Download as PDF

The first question that must be considered related to student ratings of teaching effectiveness addresses their purpose. Historically, student ratings of college teaching were designed for purposes of improving teaching practice or performance. Over time, however, student ratings have increasingly been used to assist in personnel decisions. In many cases, this has become their exclusive purpose. Evaluation that serves both purposes is possible, however, research suggests that it is preferable to separate formative and summative evaluation – both conceptually and in practice. Furthermore, guidance for those who use student ratings of instruction is important in order to avoid misuse and misinterpretation of the results.

Improving Teaching Effectiveness

Formative evaluation refers to information that is gathered for the purpose of improving teaching. Student ratings provide feedback that instructors can use to make positive changes in their courses or teaching practice. The diagnostic information provided by such feedback can identify strengths and weaknesses as perceived by students in a particular context. Typically, such evaluations have focused on all of the choices an instructor makes while planning and teaching a course – not only in-class “performance.”

When formative evaluation is used for purposes other than teaching improvement, its impact is compromised. Ideally, this type of evaluation allows instructors to experiment with alternative teaching practices without fear of punitive repercussions. Research indicates that instructors benefit most from formative evaluation when they have helped to shape the questions posed, when they understand the feedback that is provided, and when assistance and resources for making improvements are available.

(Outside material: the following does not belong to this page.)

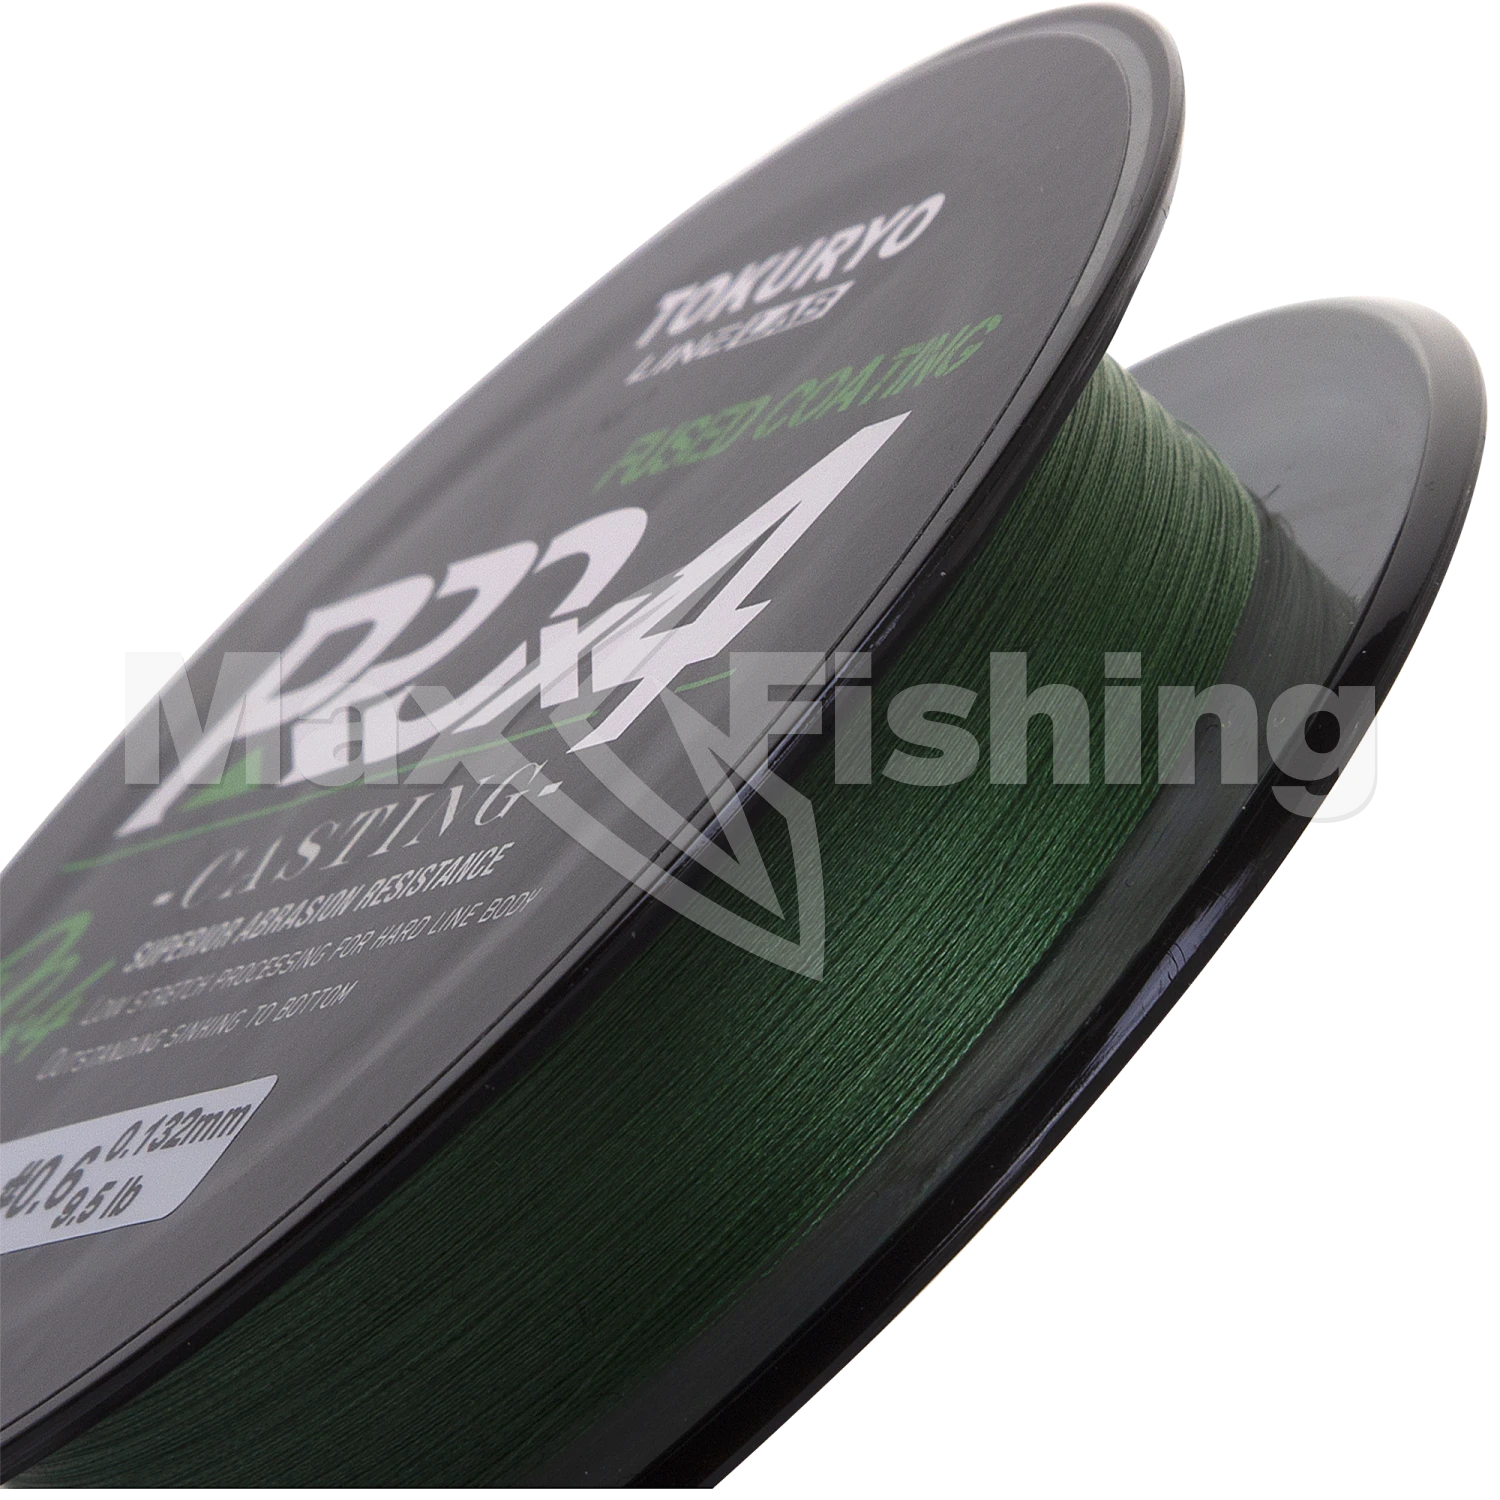 Шнур плетеный Tokuryo Pro PE X4 #0,6 0,132мм 150м (dark green)

Making Personnel Decisions

Summative evaluation refers to evaluation conducted for the purpose of making personnel decisions, such as hiring, tenure, promotion, awards, and merit raises. Since student ratings provide only one source of feedback on teaching effectiveness, their use for such decision-making can be problematic. When student ratings are used in combination with other evidence of teaching quality, the assessment is more representative of the instructor’s overall teaching effectiveness. Additional evidence of teaching effectiveness includes such sources as: alumni ratings, peer ratings, self-assessment, syllabi and other course documents, evidence of student work and progress, and teaching portfolios.

If student ratings are used as one component of teaching effectiveness in making personnel decisions, research suggests that the overall evaluation items (i.e., What is your overall rating of this course/instructor? Would you recommend this course/instructor to a friend with interests similar to yours?) are better measures of teaching effectiveness than specific items.

Questions about Student Ratings of Teaching Effectiveness

Are students qualified to evaluate their instructors and courses?

Research indicates that students are the most qualified source to report on the extent to which the learning experience was productive, informative, satisfying, or worthwhile. While opinions on these matters are not direct measures of instructor or course effectiveness, they are legitimate indicators of student satisfaction, and there is substantial research linking student satisfaction to effective teaching.

Are ratings related to learning? (i.e., Are ratings valid?)

A meta-analysis of 41 research studies provides the strongest evidence for the validity of student ratings since these studies investigated the relationship between student ratings and student learning. There are consistently high correlations between students’ ratings of the “amount learned” in the course and their overall ratings of the teacher and course.

Are student ratings reliable?

The research indicates that student ratings are remarkably consistent, whether reliability is measured within classes, across classes, over time, or in other ways.

Do students rate instructors on the basis of expected or given grade?

This is currently the most controversial question in student ratings research. Most studies show a weak correlation between student ratings and expected grade. The conclusion reached by most researchers is that there should be a relationship between ratings and grades. The ratings simply reflect the correlation between good teaching and student learning – leading to student achievement and satisfaction.

Are ratings based solely on popularity or an instructor’s ability to entertain?

This question assumes that a popular or entertaining instructor is not a teacher who fosters student learning. There is no basis for this argument and no research to substantiate this claim. Studies have shown that “expressive” instructors maintain student attention. Attentive students may be more engaged in the learning process and, therefore, may learn more. Expressiveness, however, relates to a range of specific behaviors and not to popularity or entertainment value.

Are ratings affected by situational variables (i.e., possible biases)?

Research indicates that the effects of situational variables are quite small. Such variables include: class size, out-of-major course, time of day the class meets, difficulty level of course within a discipline, gender of instructor or student, student academic ability, teaching style, and personality of instructor or student.

Can students make accurate judgments while still in class or in college?

The research does not support the claim that students can assess teaching only after years of career experience. Studies comparing ratings within the same semester, in the following semester, in the next year, immediately after graduation, and several years later indicate consistent ratings of teachers by students over time. Although students may realize later that a particular subject was more important than they thought, student opinions about instructors change very little over time.